Comparados a sistemas convencionais, os agroecossistemas sustentáveis são
sujeitos a rendimentos mais baixos e variáveis devido a variação do tempo que ocorre de
um ano a outro. Essa redução em rendimentos pode ser compensada na perspectiva da
sustentabilidade, justamente pela vantagem de diminuição na dependência de insumos
externos, voltando-se ao controle natural de “pragas” e na redução de impactos negativos
à natureza.
Portanto, o desenho e manejo dos agroecossistemas sustentáveis, como um
enfoque, está em suas etapas formativas. Se constrói inicialmente sobre os campos da
Ecologia e das Ciências Agrícolas, emergindo como a ciência da Agroecologia. Essa
combinação pode exercer um papel importante no desenvolvimento do conhecimento
necessário para a transição a uma agricultura sustentável, incorporando perspectivas
culturais e ambientais.
É preciso reestabelecer uma consciência de bases ecológicas fortes, sobre as
quais a agricultura se desenvolveu originalmente e que é dela dependente. Essa base
ecológica deve vir acompanhada de uma base interdisciplinar (aspectos sociais,
econômicos e políticos) capaz de avaliar os impactos da agricultura ao meio ambiente.

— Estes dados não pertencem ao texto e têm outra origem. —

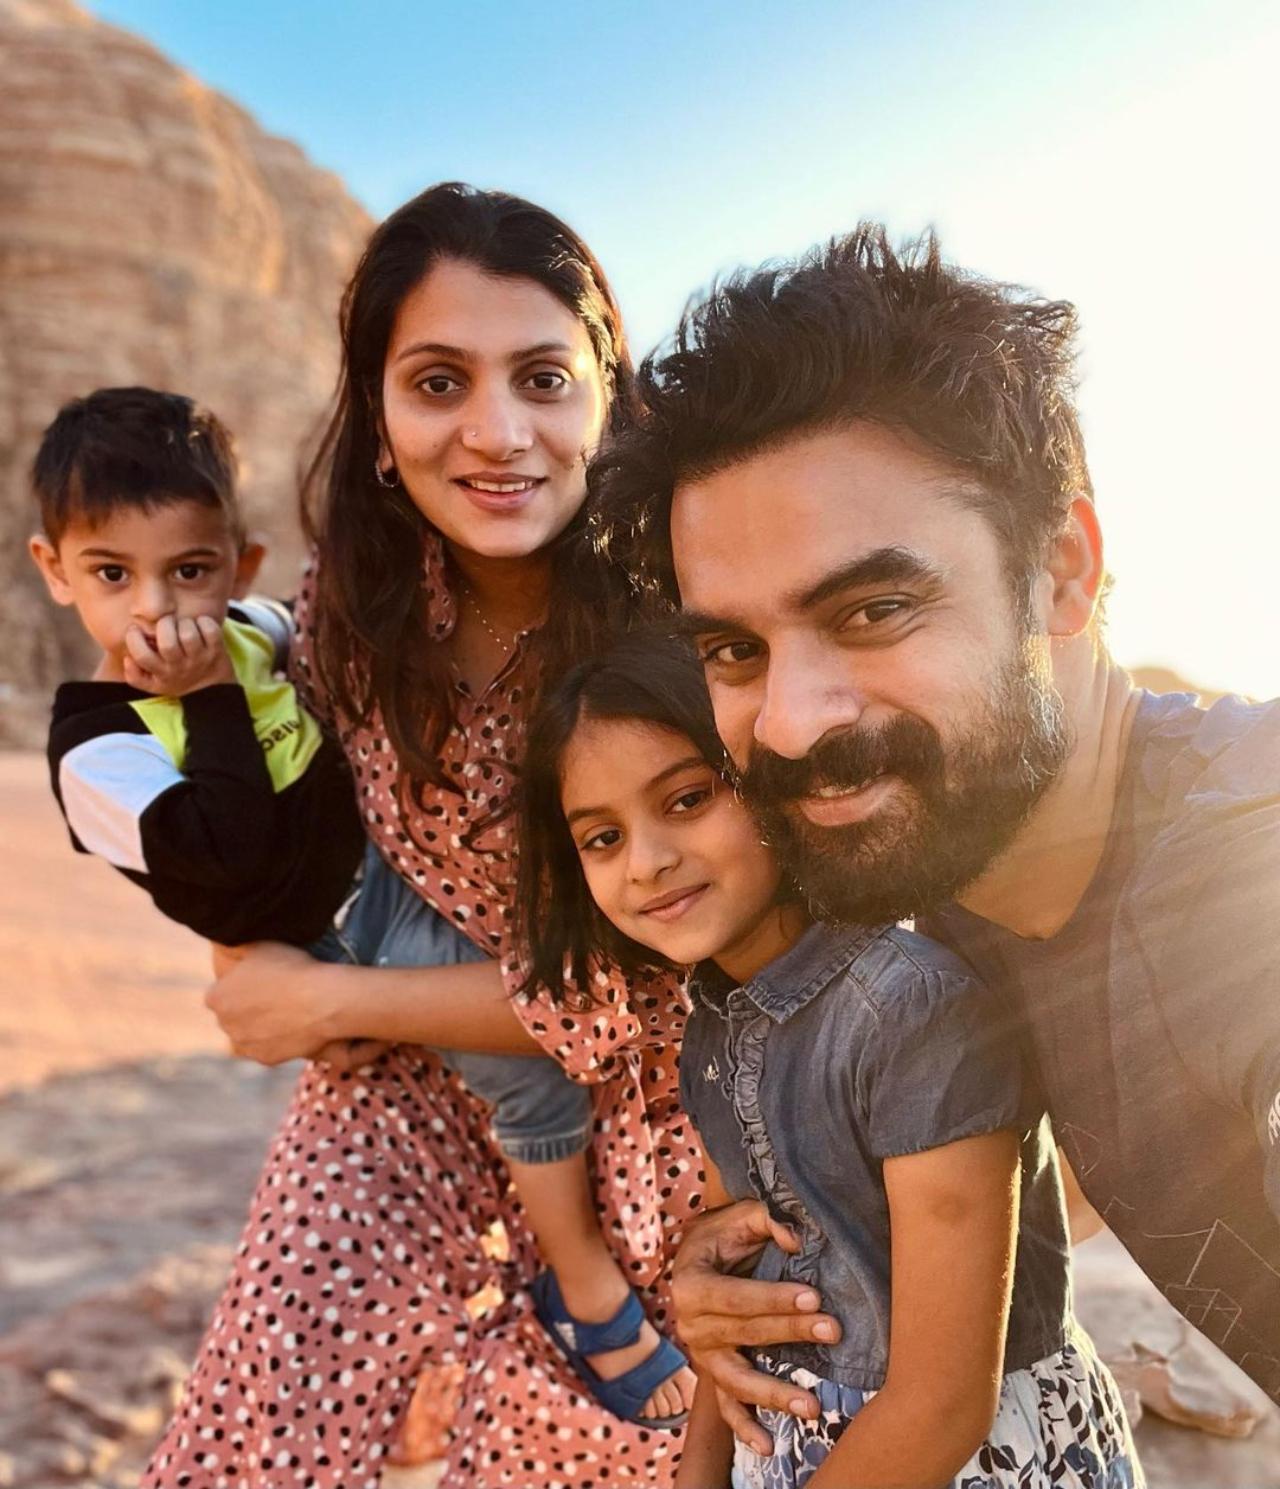 Actor Tovino Thomas is one of the biggest stars of Malayalam cinema today. The actor who married his childhood sweetheart, Lidiya, is father to two beautiful kids- Izza and Tahaan

Dessa maneira, o papel do agroecólogo é de assistir o agricultor na mediação e
monitoramento dessas mudanças durante o período de conversão para guiar, ajustar e
avaliar essa transição em uma perspectiva interdisciplinar. Esse enfoque proporciona o
marco essencial para determinar os requisitos para os indicadores de desenho e manejo
sustentável dos agroecossistemas.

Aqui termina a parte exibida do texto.